To do:
From the first line to the last, copy the material exactly and leave the pictures out.

Data provided:
:::

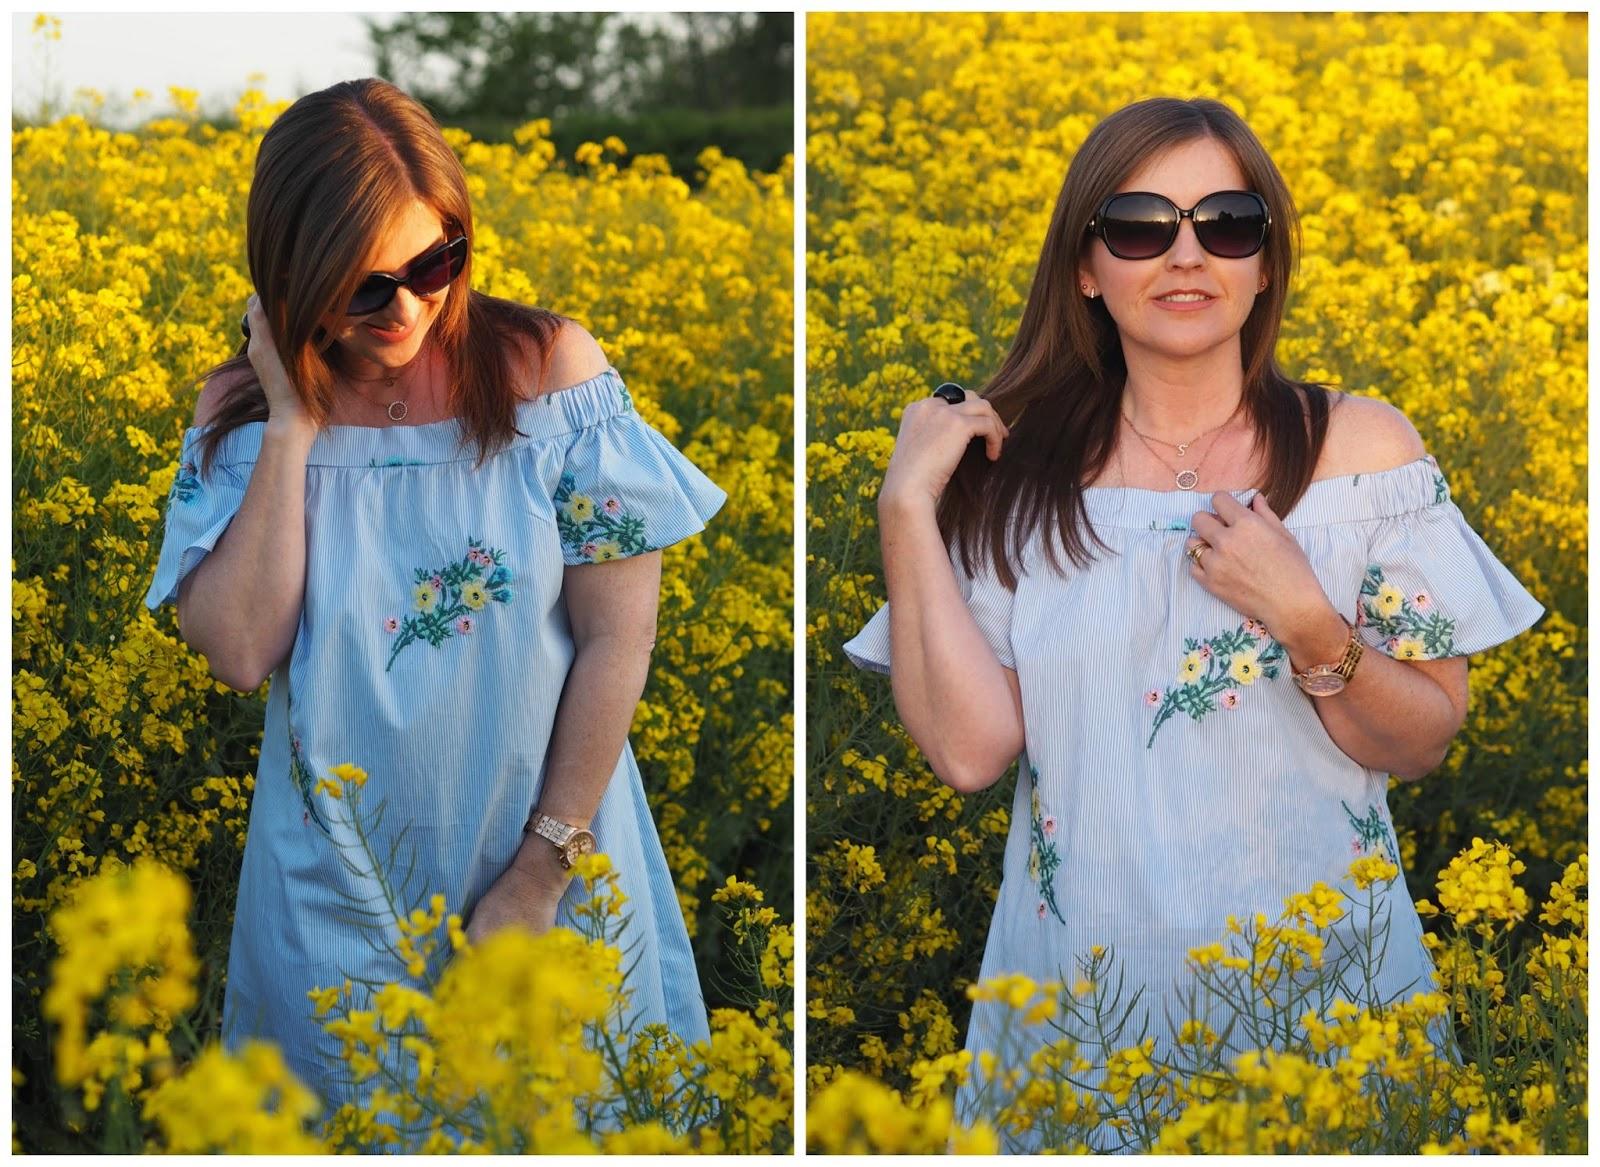 New Look off the shoulder dress \ bardot \ fashion \ style \ styleblog \ Priceless Life of Mine \ Over 40 lifestyle blog
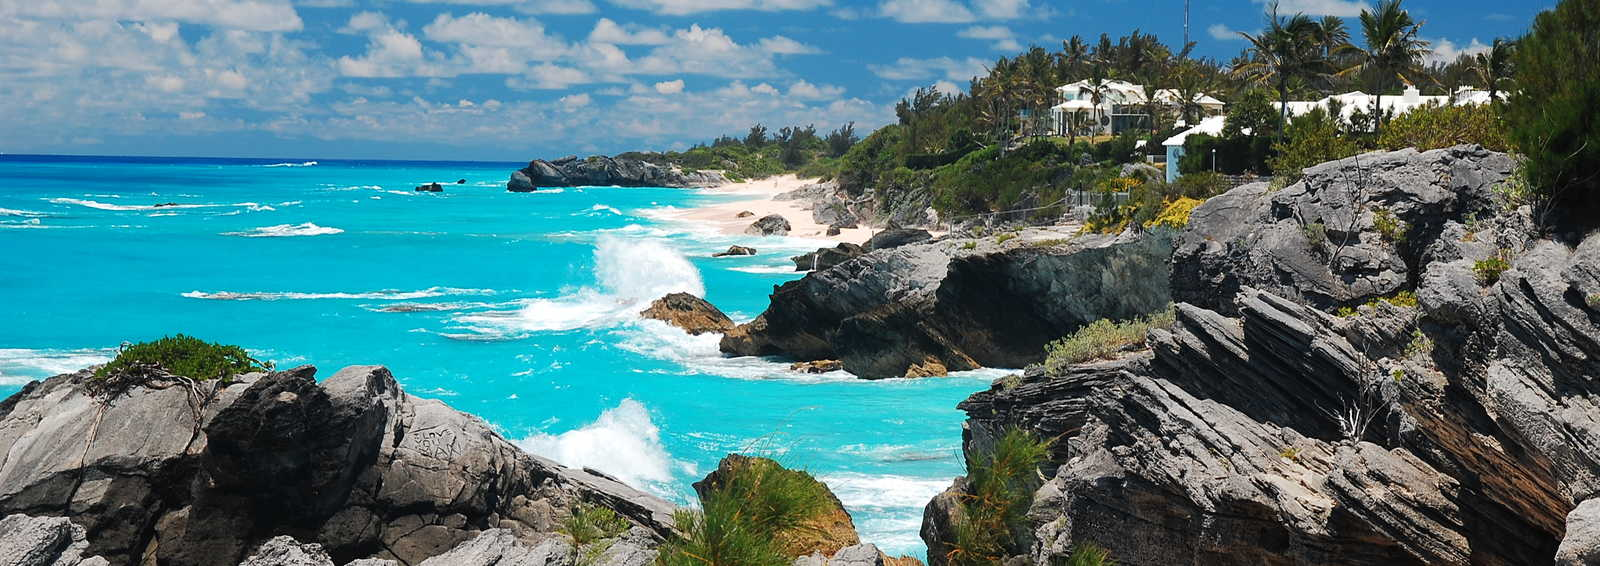 Where are Bermuda Holidays in Bermuda 76
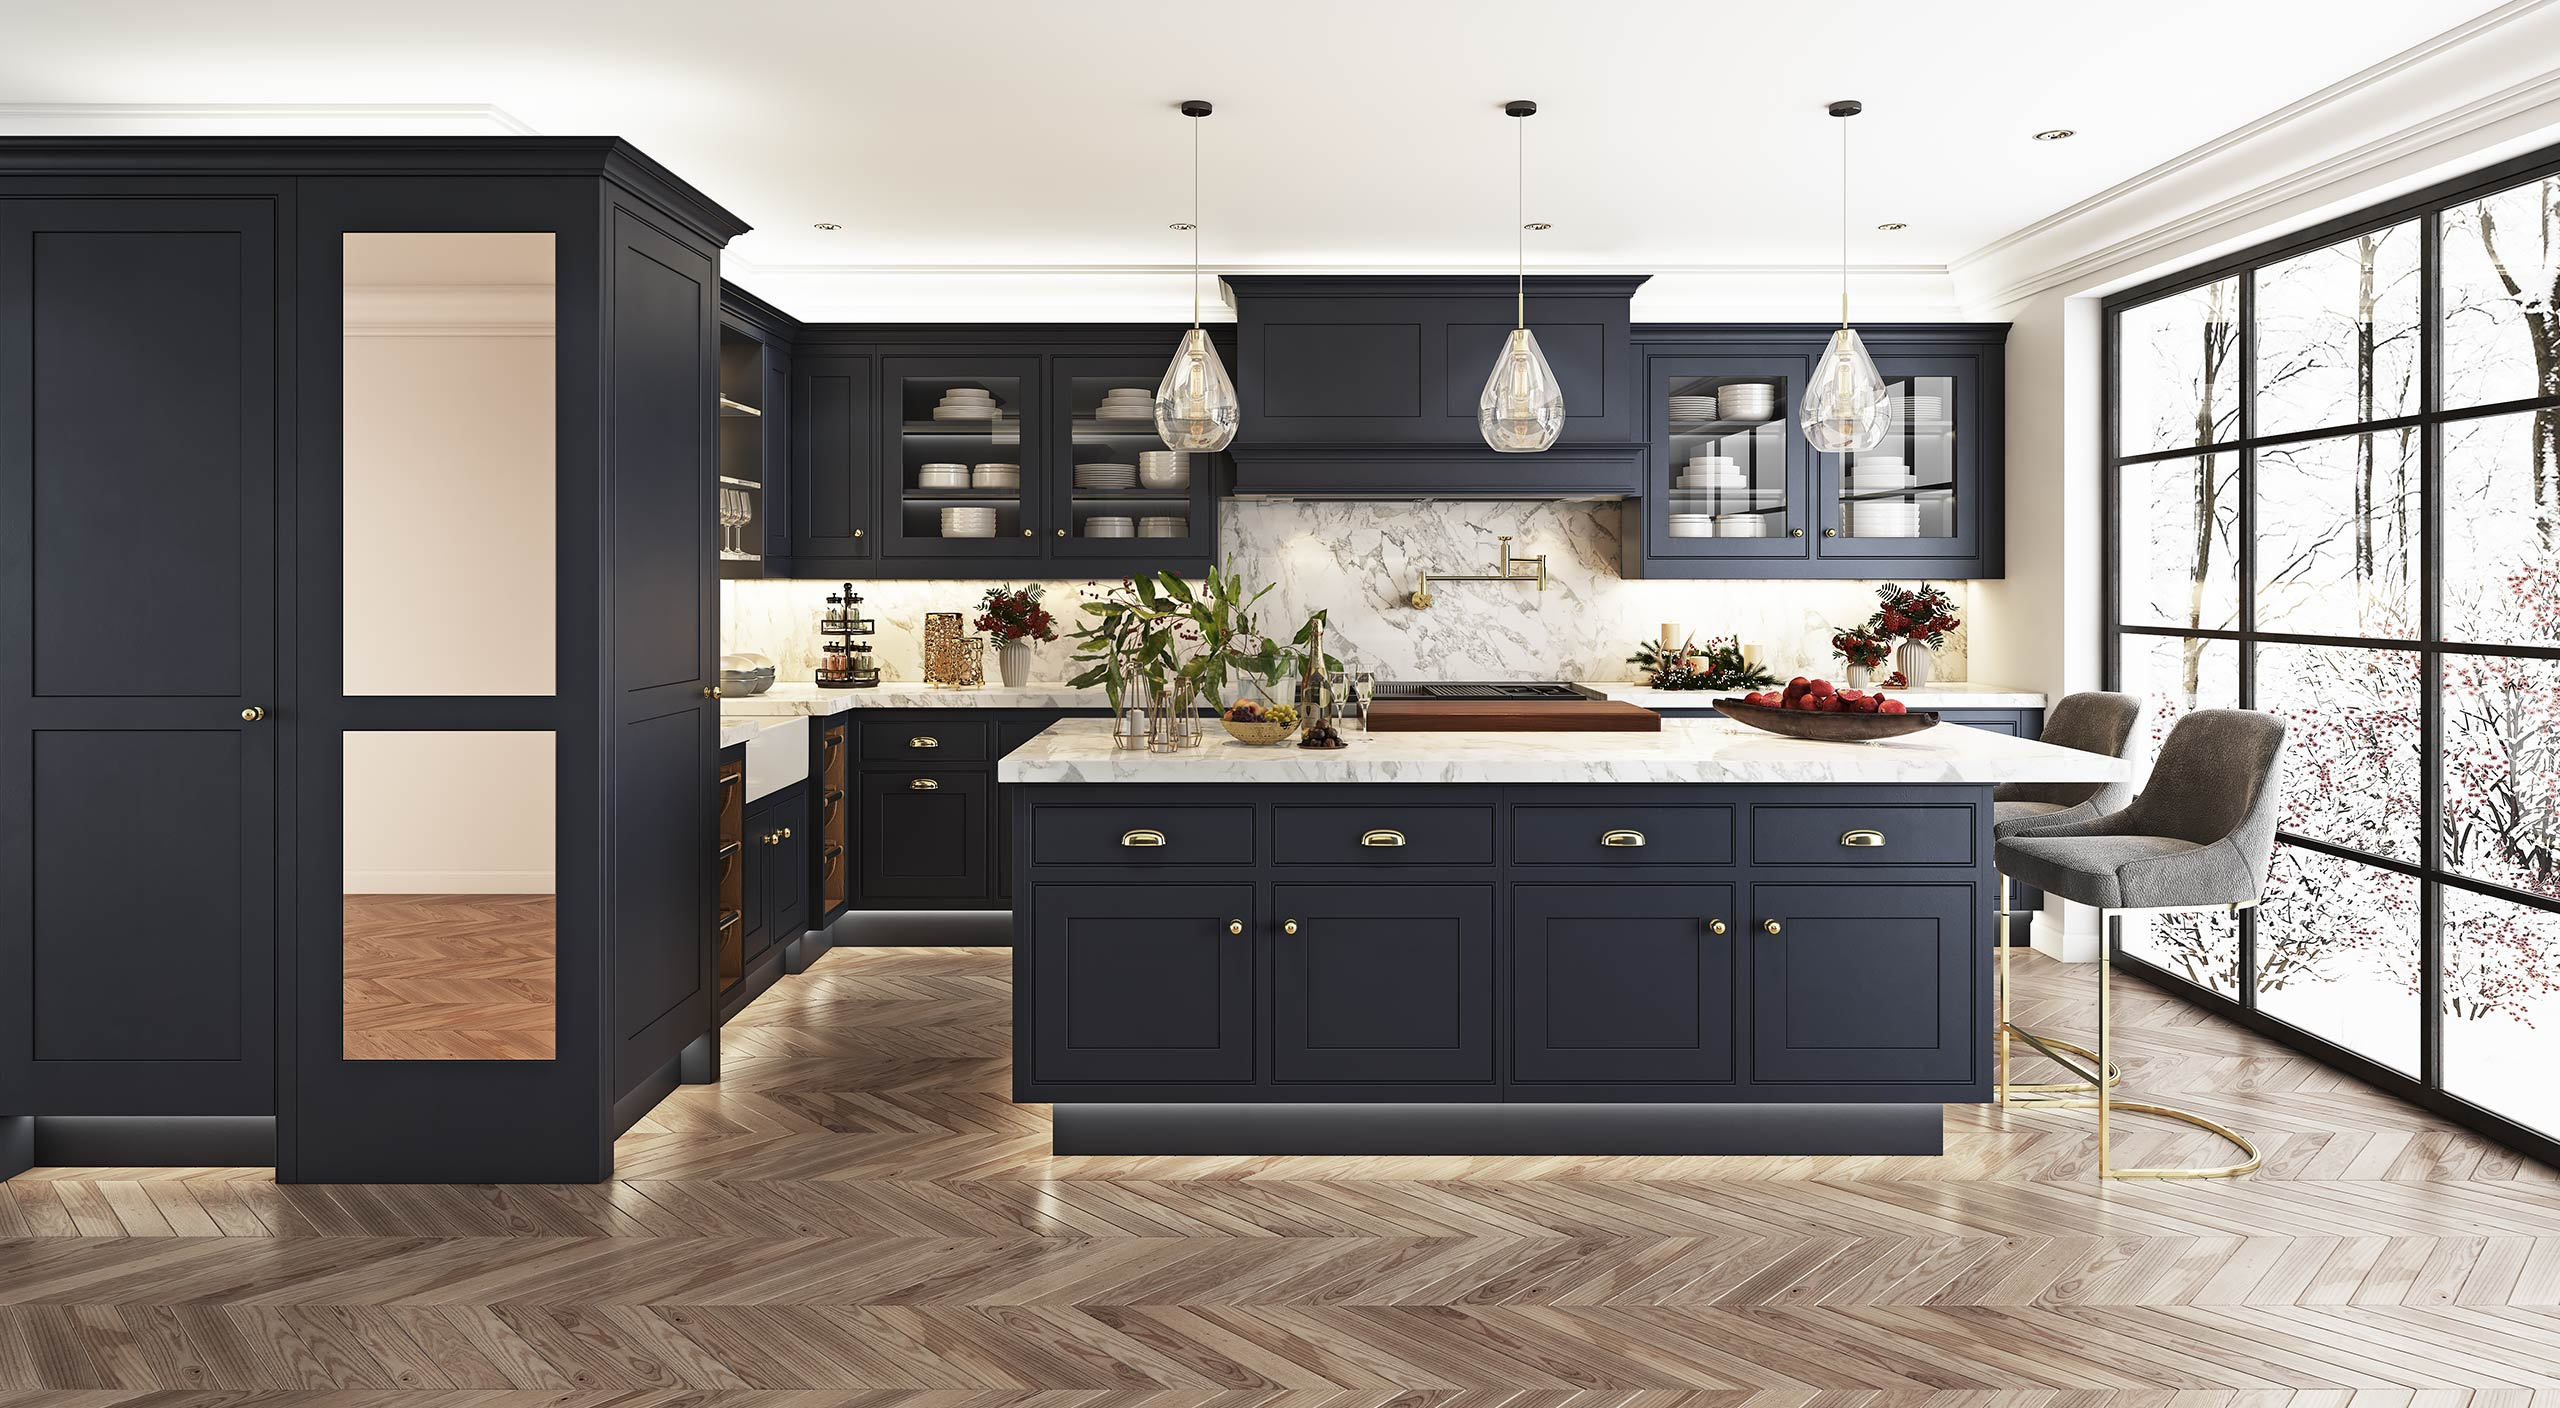 The Smallbone Iconic original hand painted kitchen in dark blue
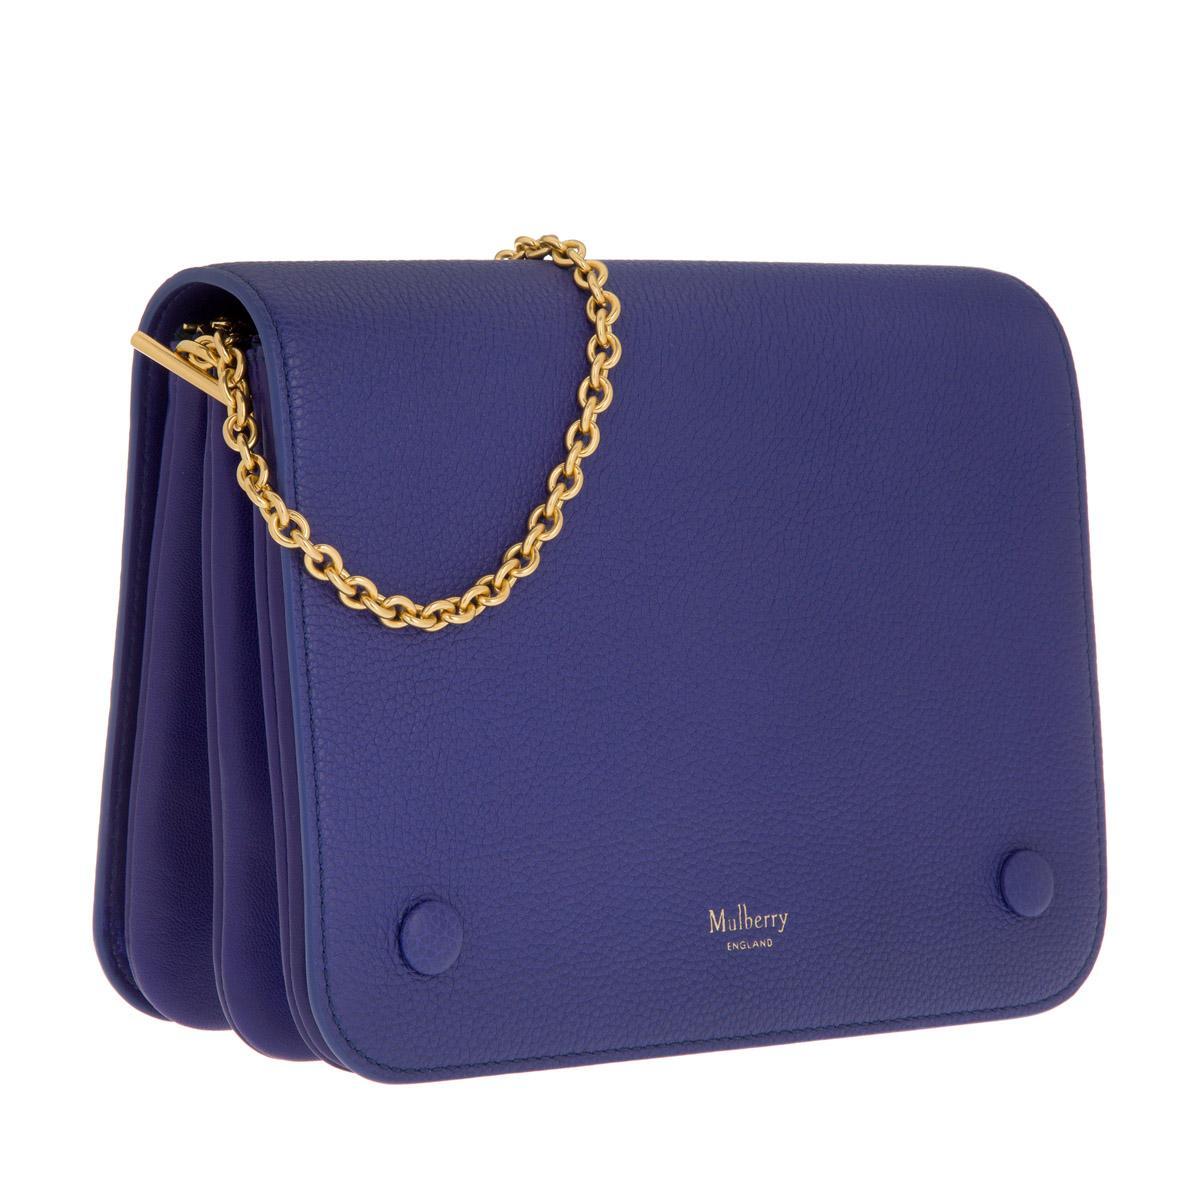 Mulberry Clifton Small Crossbody Bag Classic Grain Indigo in Blue - Lyst 9601fd016b524

:::

Result for this exercise:
 New Look off the shoulder dress \ bardot \ fashion \ style \ styleblog \ Priceless Life of Mine \ Over 40 lifestyle blog
 Where are Bermuda Holidays in Bermuda 76
 The Smallbone Iconic original hand painted kitchen in dark blue
 Mulberry Clifton Small Crossbody Bag Classic Grain Indigo in Blue - Lyst 9601fd016b524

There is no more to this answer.